Supreme Court of Ohio
Dec 30, 1988
40 Ohio St. 3d 341 (Ohio 1988)

Summary

finding that defendant must present prima facie evidence of prejudice and burden of proof then shifts to state

Summary of this case from State v. Pecard

Opinion

No. 87-646

Submitted September 20, 1988 —

Decided December 30, 1988.

Reporter's Note: This cause was decided on December 30, 1988, but was released to the public on January 20, 1989, subsequent to the retirement of Justice Locher, who participated in the decision.

Criminal law — Evidence — Unauthorized interception of private conversation between defendant and his attorney — Right to counsel under Ohio Constitution, construed — Appropriate remedy — Evidence subject to suppression — Indictment may be dismissed, when.

O.Jur 3d Criminal Law §§ 149, 299.

1. The right to counsel afforded by Section 10, Article I of the Ohio Constitution is comparable to but independent of similar guarantees provided by the Sixth Amendment to the United States Constitution. ( Ford v. State, 121 Ohio St. 292, 295, 168 N.E. 139, 140, approved and followed.)

2. Evidence obtained through the unauthorized interception of a private conversation between a criminal defendant and his attorney is subject to suppression pursuant to Section 10. Article I of the Ohio Constitution.

3. Where the unauthorized interception of a private conversation between a criminal defendant and his attorney results in substantial prejudice to the defendant in the preparation of his defense, the trial court may, in the exercise of its sound discretion, take such action as is appropriate, including dismissal of the indictment.

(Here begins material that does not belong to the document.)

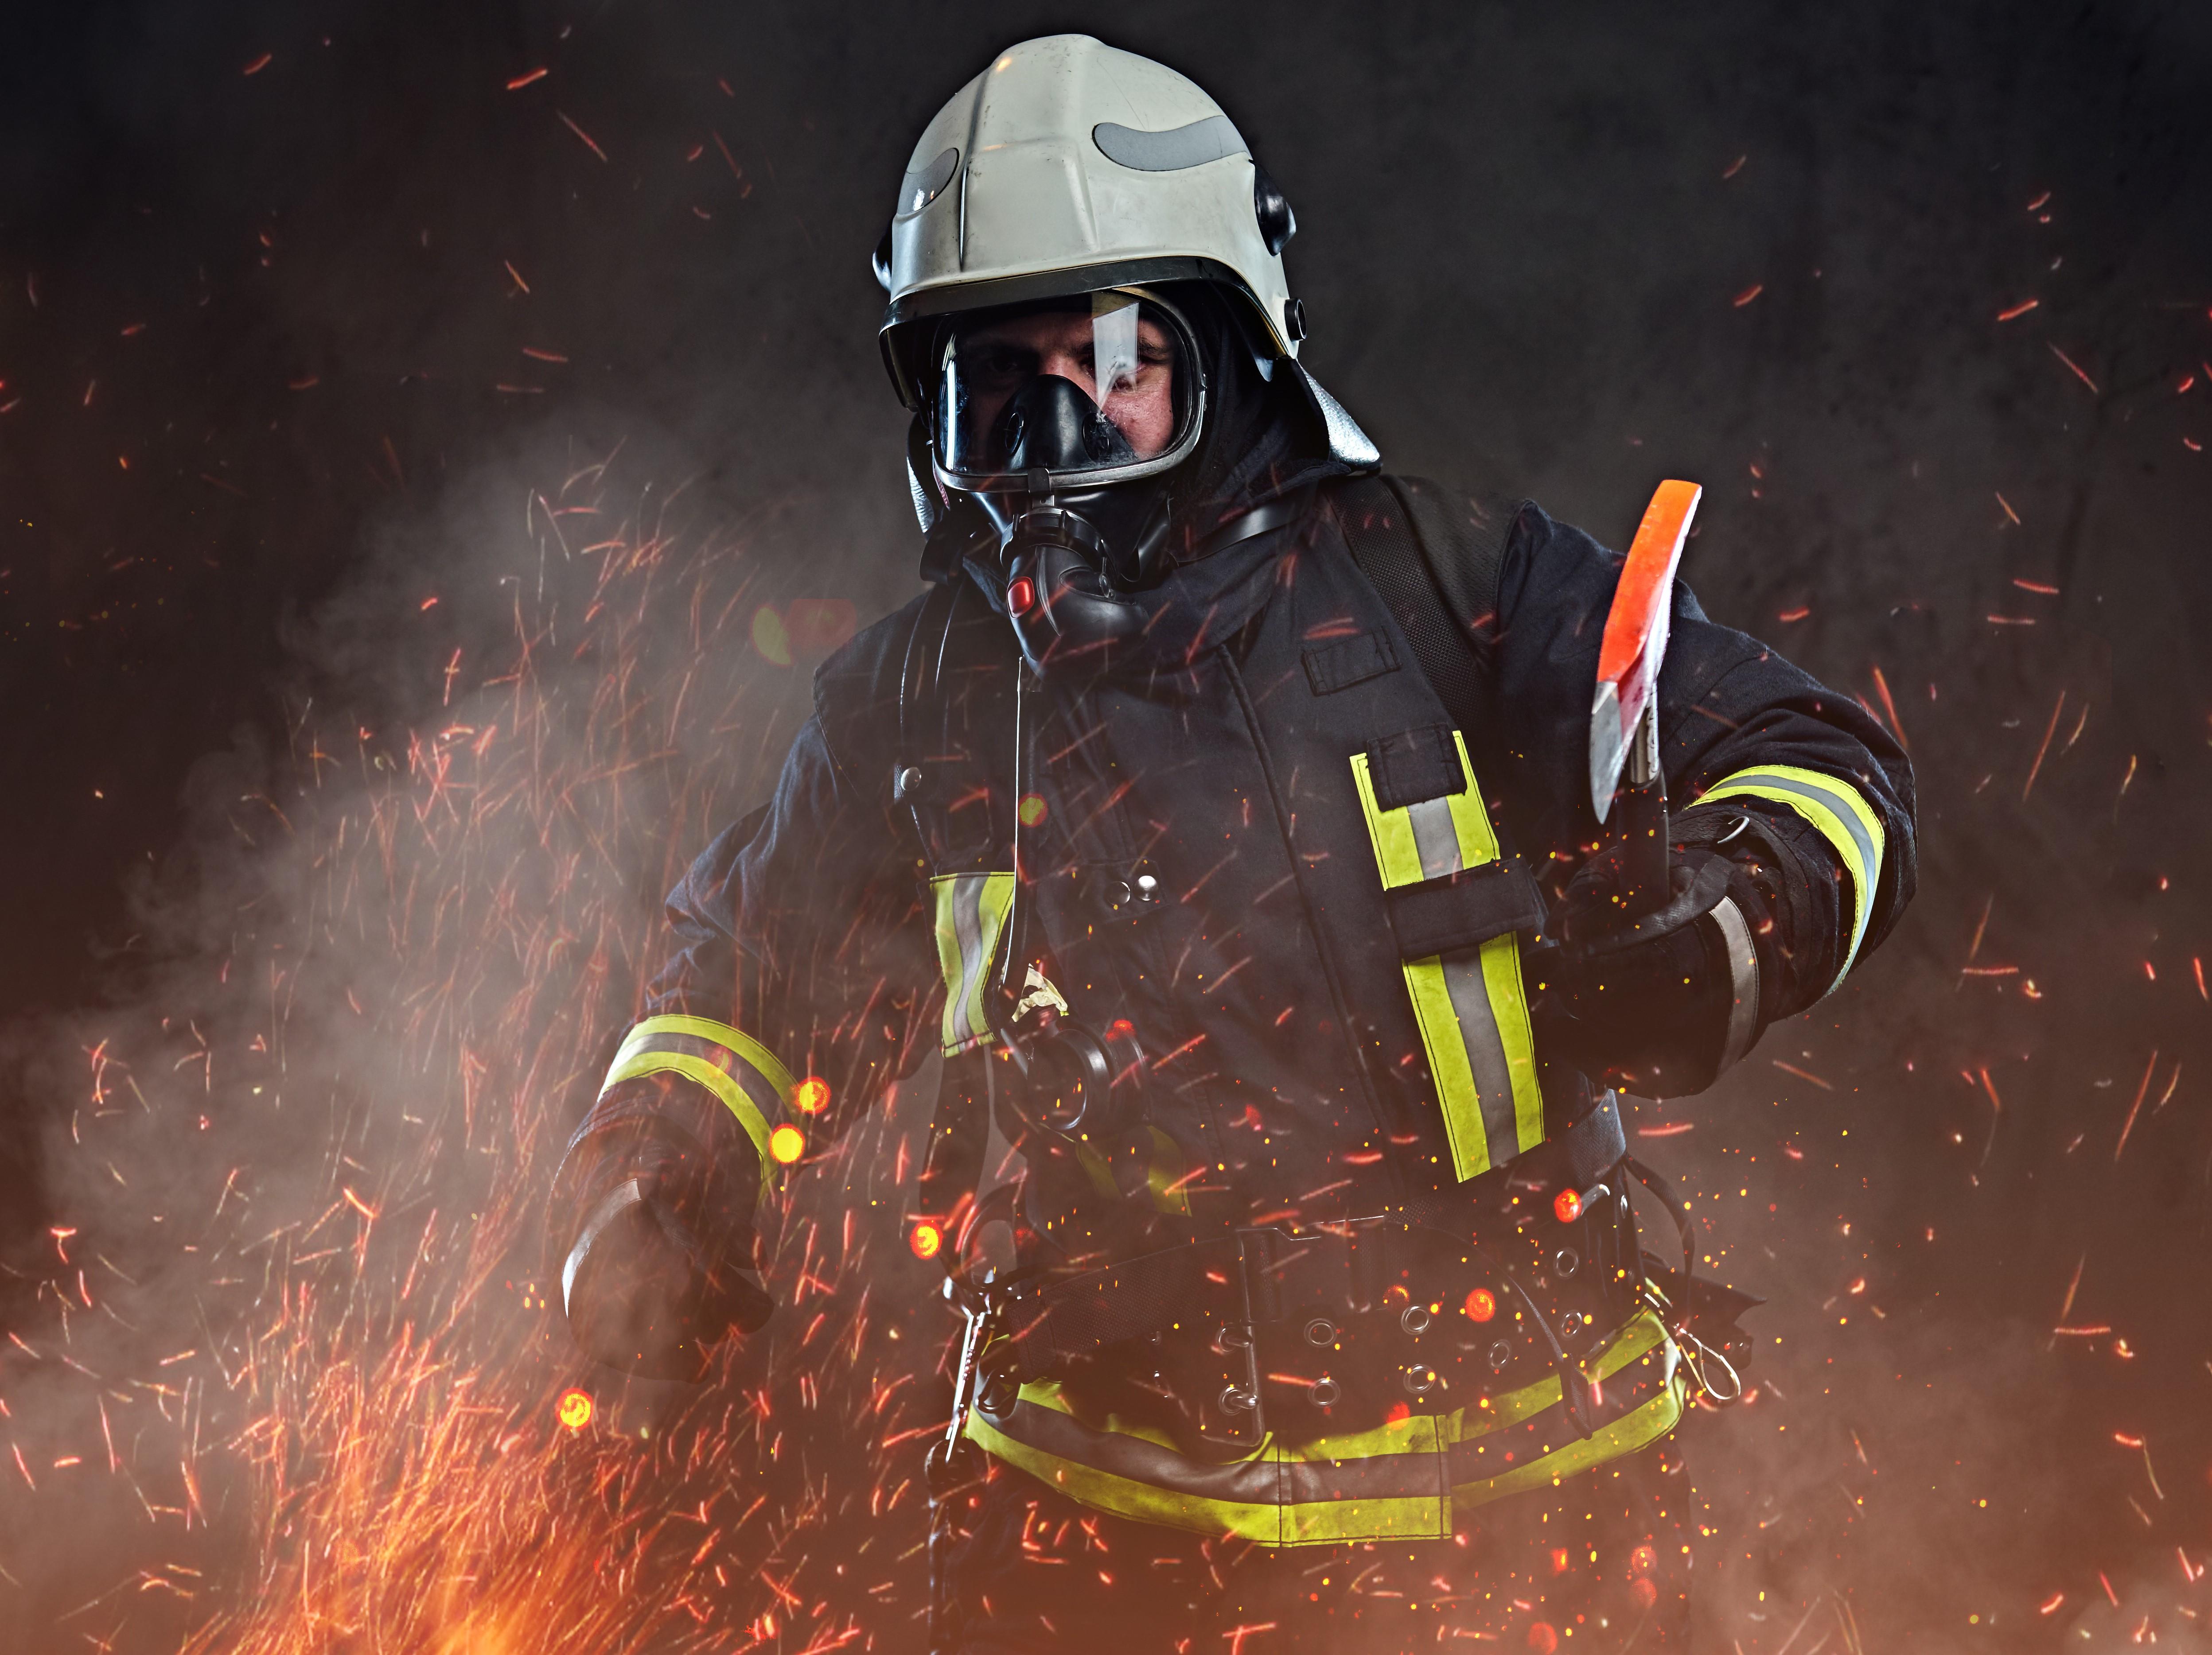 Feuerwehr Mann

APPEAL from the Court of Appeals for Athens County, No. 1298.

On February 22, 1985, appellant, William S. Milligan, was indicted by the Athens County Grand Jury for complicity to commit vandalism, intimidation, tampering with evidence, and perjury. Appellant was arrested on the same day and incarcerated in the Athens County Jail. On February 23, 1985, temporary jail directo Robert Bartlett, on instructions from Athens County Sheriff Robert Allen, removed appellant from his jail cell so that appellant could converse by telephone with his attorney. During the telephone conversation, Bartlett stood near appellant and secretly taped his remarks. A copy of the tape was made at Bartlett's request. The original recording was given to Sheriff Allen.

On November 6, 1985, appellant filed a motion to dismiss the indictment, on the basis that the state had "purposeful[ly], intentional[ly] and deliberate[ly]" violated his constitutional right to counsel. On December 12, 1985, the trial court granted the motion.

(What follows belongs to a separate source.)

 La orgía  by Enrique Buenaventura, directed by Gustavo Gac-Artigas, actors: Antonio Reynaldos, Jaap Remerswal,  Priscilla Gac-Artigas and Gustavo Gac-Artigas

On February 12, 1987, the court of appeals reversed.

The cause is now before this court pursuant to the allowance of a motion for leave to appeal.

Michael Ward, prosecuting attorney, and C. David Warren, for appellee.

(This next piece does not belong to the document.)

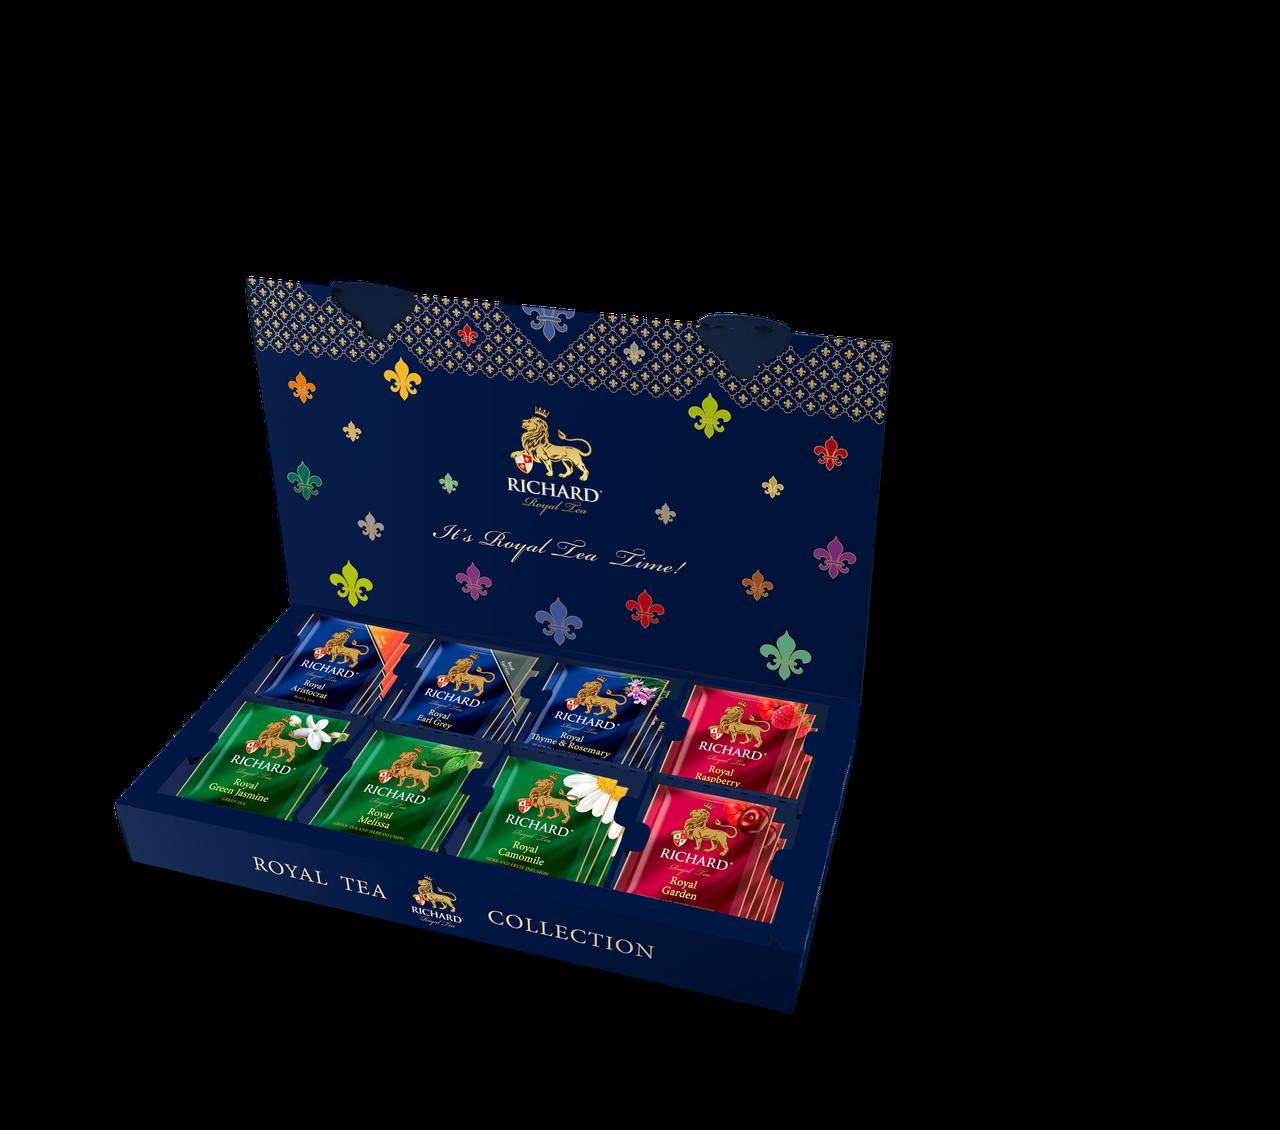 Чай набор пакетированный RICHARD ROYAL TEA COLLECTION 40 сашетов

Sunbury, Underwood, Eyerly Rosenberg and Gloria Eyerly, for appellant.

Tataru, McInturff, Wallace Warner and Roger Warner, urging reversal for amicus curiae, Ohio Association of Criminal Defense Lawyers.



I

Appellant contends that the interception and clandestine recording of his telephone conversation with his attorney violated his right to counsel in contravention of Section 10, Article I of the Ohio Constitution and the Sixth Amendment to the United States Constitution. This court has previously observed that the right to counsel afforded by Section 10, Article I of the Ohio Constitution is comparable to but independent of similar guarantees provided by the Sixth Amendment to the United States Constitution. See Ford v. State (1929), 121 Ohio St. 292, 295, 168 N.E. 139, 140. Implicit within the meaning of Section 10, Article I, and the analogous protections of Section 16, Article I, is the right of a criminal defendant to consult privately with his attorney. See Ford v. State, supra, at 295, 297, 168 N.E. at 140-141; Thomas v. Mills (1927), 117 Ohio St. 114, 126, 157 N.E. 488, 493, and paragraph one of the syllabus (relying upon Section 16, Article I).

The state urges, however, that the right to consult counsel was not violated in the case sub judice because appellant was aware of the presence of Bartlett and thus had no reasonable expectation of privacy within the county jail. Consequently, the state maintains that any evidence obtained in such surroundings is not subject to suppression. In support of this view, appellee cites Katz v. United States (1967), 389 U.S. 347. Katz, however, is inapposite since its focus was upon evidence which was allegedly the product of an illegal search and seizure. In that context, the court remarked:

"* * * What a person knowingly exposes to the public, even in his own home or office, is not a subject of Fourth Amendment protection." (Emphasis added.) Id. at 351.

Katz therefore was not intended, nor should it be interpreted, to suggest that the Sixth Amendment right of a criminal defendant to privately consult his attorney ends at the prison gates. To the contrary, the Supreme Court had previously held that: "* * * [I]t may be assumed that even in a jail, or perhaps especially there, the relationships which the law has endowed with particularized confidentiality must continue to receive unceasing protection * * *." (Emphasis added.) Lanza v. New York (1962), 370 U.S. 139, 143-144. Principal among such relationships is the one maintained between an attorney and his client.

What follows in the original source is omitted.